Dataset content

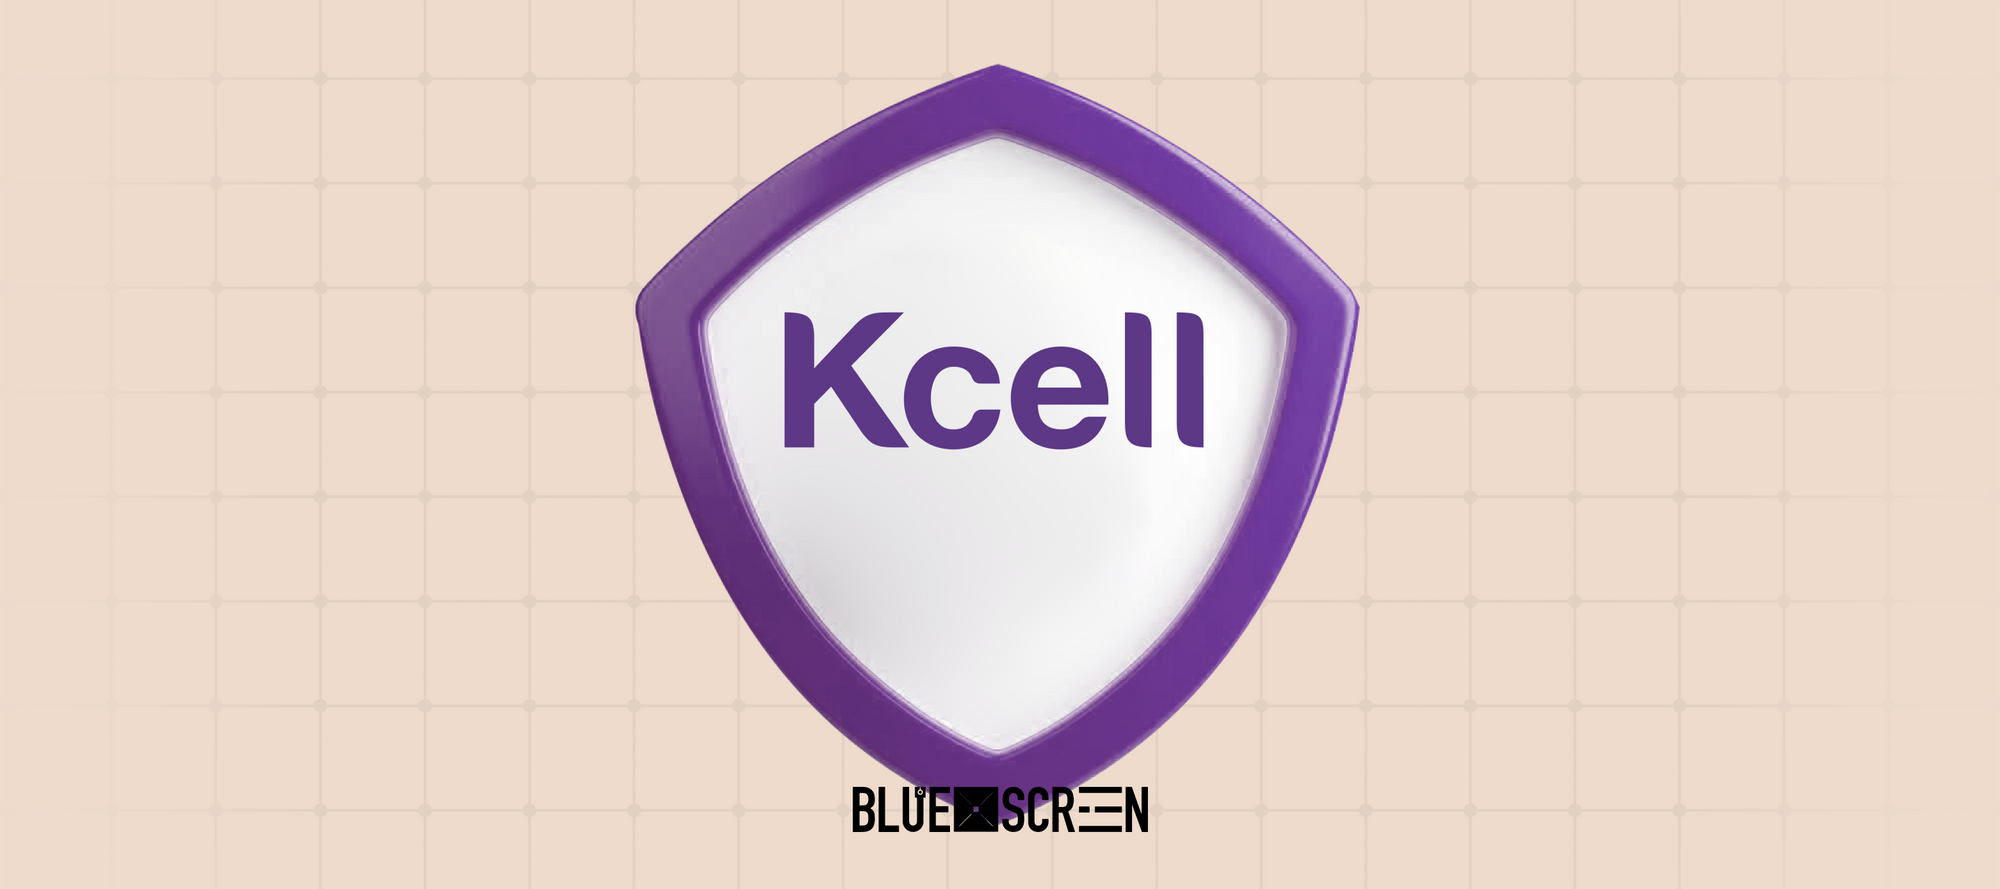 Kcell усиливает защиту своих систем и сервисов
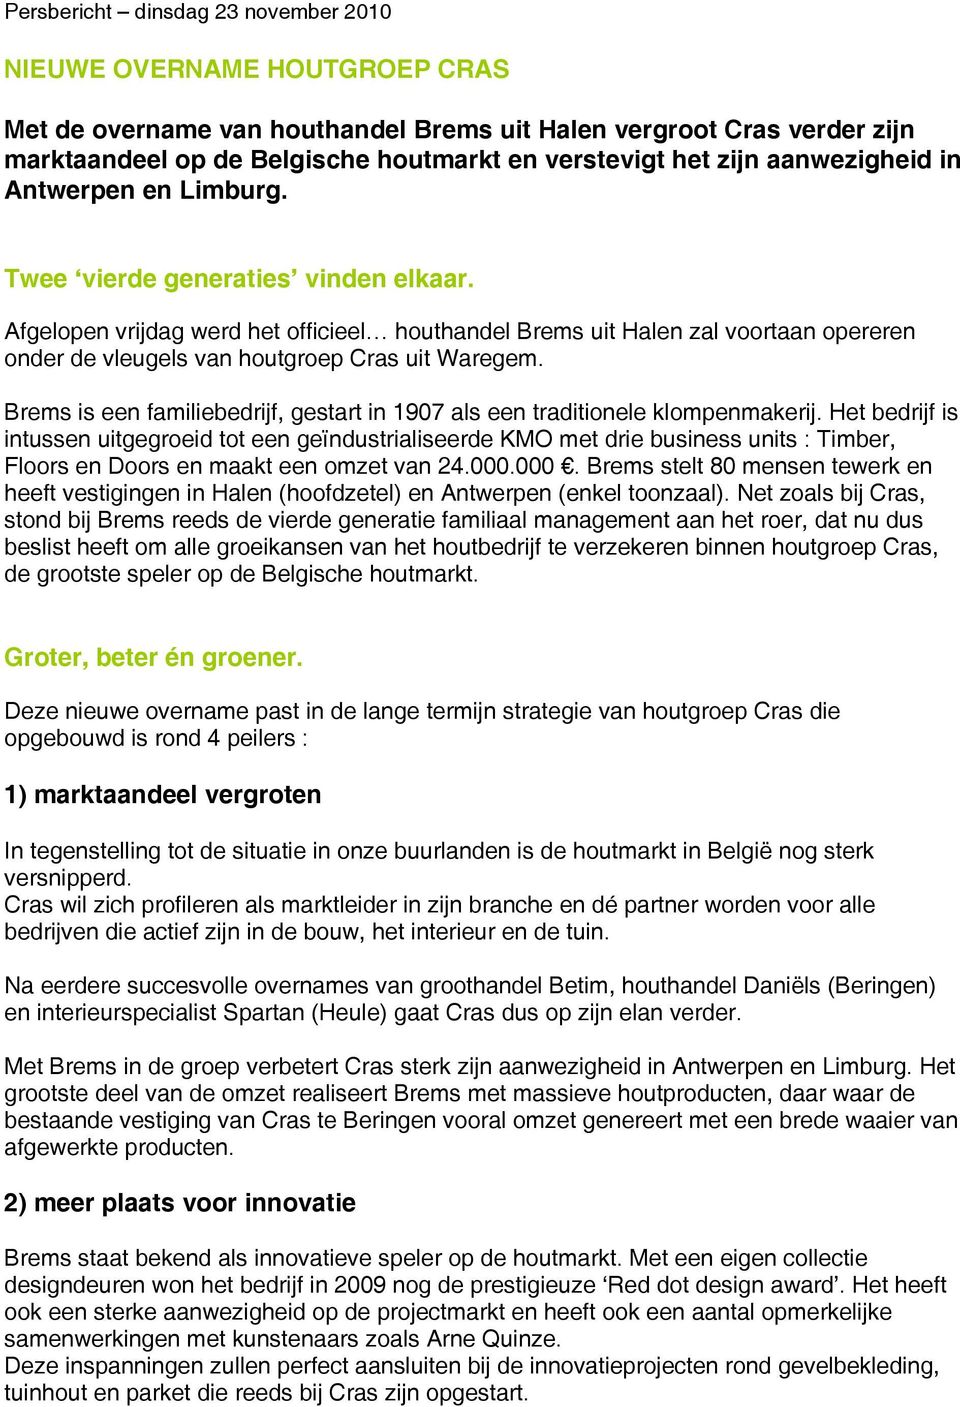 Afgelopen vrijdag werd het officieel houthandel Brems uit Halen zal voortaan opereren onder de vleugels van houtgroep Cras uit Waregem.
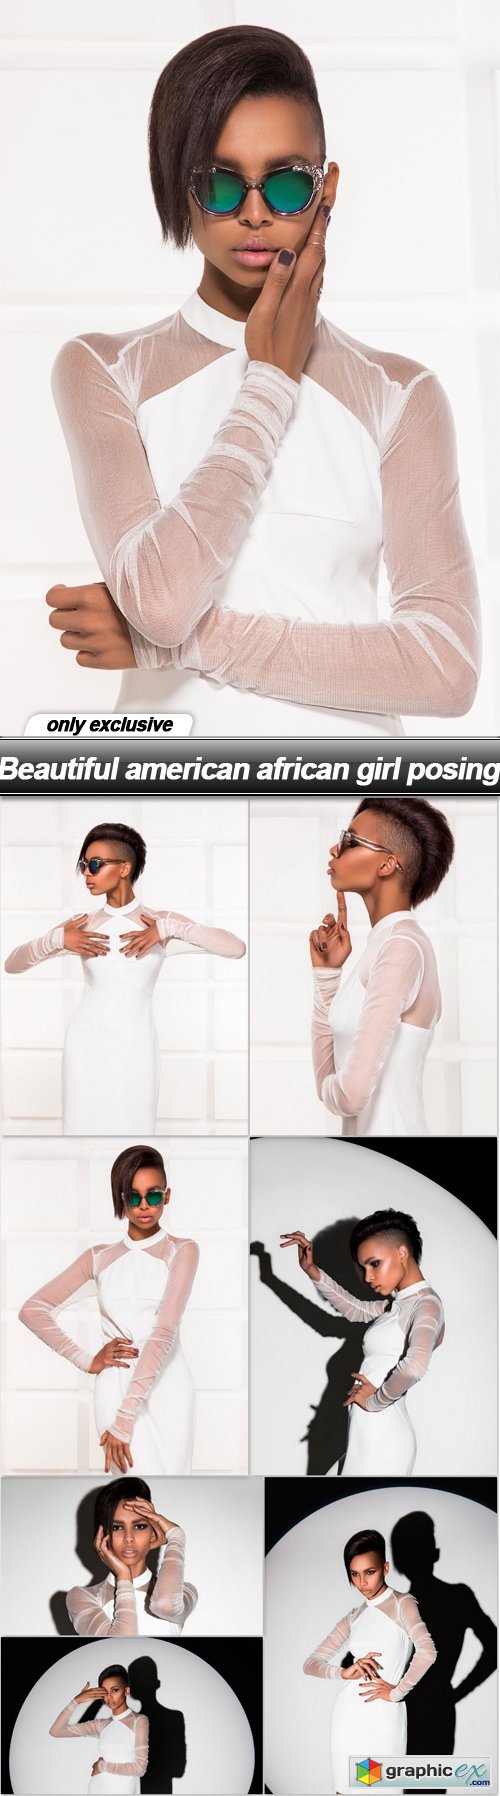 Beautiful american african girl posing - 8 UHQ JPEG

Task statement
Omit the pictures and output all remaining material exactly.

Task solution
 Kcell усиливает защиту своих систем и сервисов
 Afgelopen vrijdag werd het officieel houthandel Brems uit Halen zal voortaan opereren onder de vleugels van houtgroep Cras uit Waregem.
 Beautiful american african girl posing - 8 UHQ JPEG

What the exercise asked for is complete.